Photo: Kevin Dietsch/Getty Images
In May, presidential policy chief and certified nativist Stephen Miller called in all 50 ICE field directors and pitched a temper tantrum, as a source present at the meeting told the Washington Examiner:
“Miller came in there and eviscerated everyone. ‘You guys aren’t doing a good job. You’re horrible leaders.’ He just ripped into everybody. He had nothing positive to say about anybody, shot morale down,” said the first official, who spoke with those in the room that day.
“Stephen Miller wants everybody arrested. ‘Why aren’t you at Home Depot? Why aren’t you at 7-Eleven?’” the official recited.
Miller’s staffers disputed this report, but Miller himself confirmed that he had told ICE they needed to triple the daily number of arrests for undocumented immigrants.
It wasn’t necessary for Miller to spell out the implication that ICE’s earlier policy of focusing arrests on people with prior criminal records was going to have to be trashed in favor of more wholesale roundups of populations that may include undocumented immigrants. Sure enough, ICE, Border Patrol, and Homeland Security Investigations units conducted mass raids in the Los Angeles area in early June, pouring out of rented trucks to grab everyone in sight at Home Depots and 7-Elevens, well-known gathering and pickup stops for day laborers. Media attention on the raids was quickly diverted when Donald Trump used the situation to take over the California National Guard and send U.S. Marine units to “protect” the masked agents conducting roundups that convulsed Greater Los Angeles for weeks.
Then in early July, California-based federal district-court judge Maame Frimpong ordered federal agents to respect traditional Fourth Amendment probable-cause restrictions when targeting immigrants, as NPR reported:
Since early June, agents from Immigration and Customs Enforcement, the Border Patrol and other federal agencies have been roving Los Angeles and surrounding counties arresting thousands of people in what civil rights lawyers characterized in a lawsuit last week as an unconstitutional and “extraordinary campaign of targeting people based on nothing more than the color of their skin.”

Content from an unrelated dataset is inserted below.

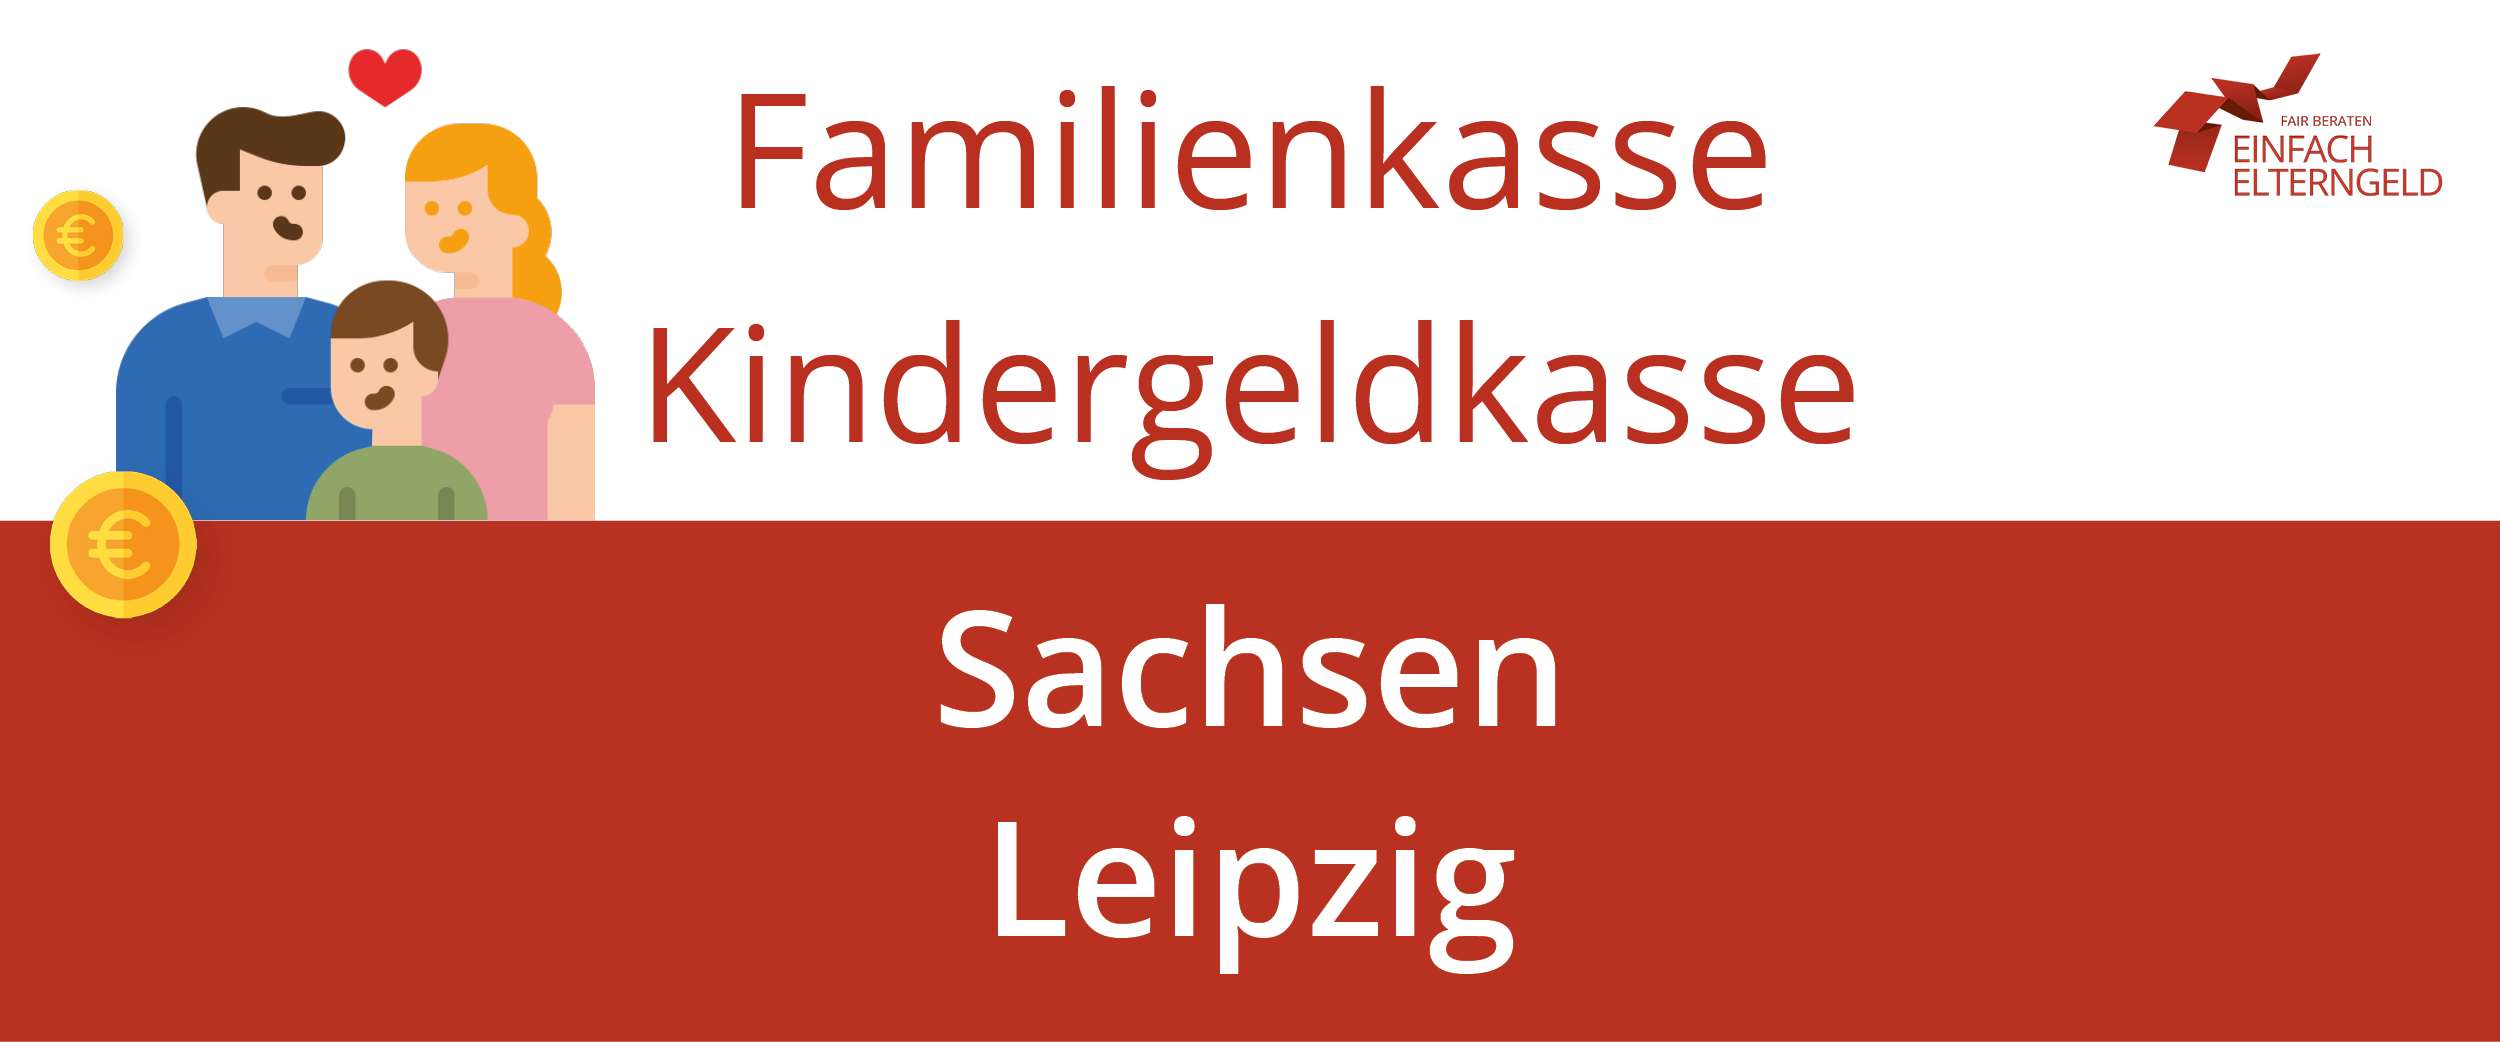 Familienkasse Kindergeldkasse Sachsen Leipzig - So erreichen Sie Ihre Familienkasse.

In her order, Judge Maame Ewusi-Mensah Frimpong, of the U.S. District Court for the Central District of California, said there is “a mountain of evidence” to support the claim that agents are arresting people solely based on their race, accents, or the work they’re engaged in, in violation of the Fourth Amendment’s protection against unreasonable government seizure.
Now, the conservative majority on the U.S. Supreme Court has overruled Frimpong in one of its signature “shadow docket” orders clearing away lower-court obstacles to whatever the Trump administration wants to do. This means that until there is full litigation of the Fourth Amendment cases, ICE and its comrades can resume uninhibited roundups of “suspected” illegal immigrants — who are suspects strictly because of how they look, how they speak, and where they work. It’s an unprecedented green light for ethnic or racial profiling, and probably the most significant U.S. Supreme Court decision in Trump’s favor this year.
This being a “shadow docket” order rather than a fully argued decision with formal opinions, the majority did not bother to explain its destructive work. But oddly enough, Justice Brett Kavanaugh offered a “concurrence” that defended the order in some truly alarming ways. While some of his claims involved highly technical issues of the plaintiff’s standing to sue, his central arguments were that detentions falling short of formal arrests need to meet a “reasonable cause” rather than a “probable cause” standard, and that Los Angeles is so filled with illegal immigrants that profiling is inescapable.
Kavanaugh’s arguments and the order itself enraged Justice Sonia Sotomayor, writing for the Court’s increasingly isolated liberal bloc (including herself and Justices Elena Kagan and Ketanji Brown Jackson):
The Fourth Amendment … prohibits exactly what the
Government is attempting to do here: seize individuals
based solely on a set of facts that “describe[s] a very large
category of presumably innocent” people. … As the District Court correctly held, the four factors — apparent race or ethnicity, speaking Spanish or English with an accent, location, and type of work — are “no
more indicative of illegal presence in the country than of
legal presence.” The factors also in no way reflect the kind of individualized inquiry the Fourth Amendment demands. … Allowing the seizure of any Latino speaking Spanish at a car wash in Los Ange-
les tramples the constitutional requirement that officers
“must have a particularized and objective basis for suspecting the particular person stopped of criminal activity.”
She also doesn’t have much patience for Kavanaugh’s argument that the sheer number of illegal immigrants makes profiling incidental, quoting Kagan from an earlier case in saying that “aggregate statistics … cannot substitute for the individualized suspicion that the Fourth Amendment requires.”
Sotomayor rightly warns about the consequences of this permission slip to Stephen Miller and his minions:
Countless people in the Los Angeles area have been grabbed, thrown
to the ground, and handcuffed simply because of their looks,
their accents, and the fact they make a living by doing manual labor. Today, the Court needlessly subjects countless
more to these exact same indignities.
There’s zero chance the Trump administration won’t aggressively take advantage of this invitation to sidestep the constitutional protections it often treats as an inconvenience.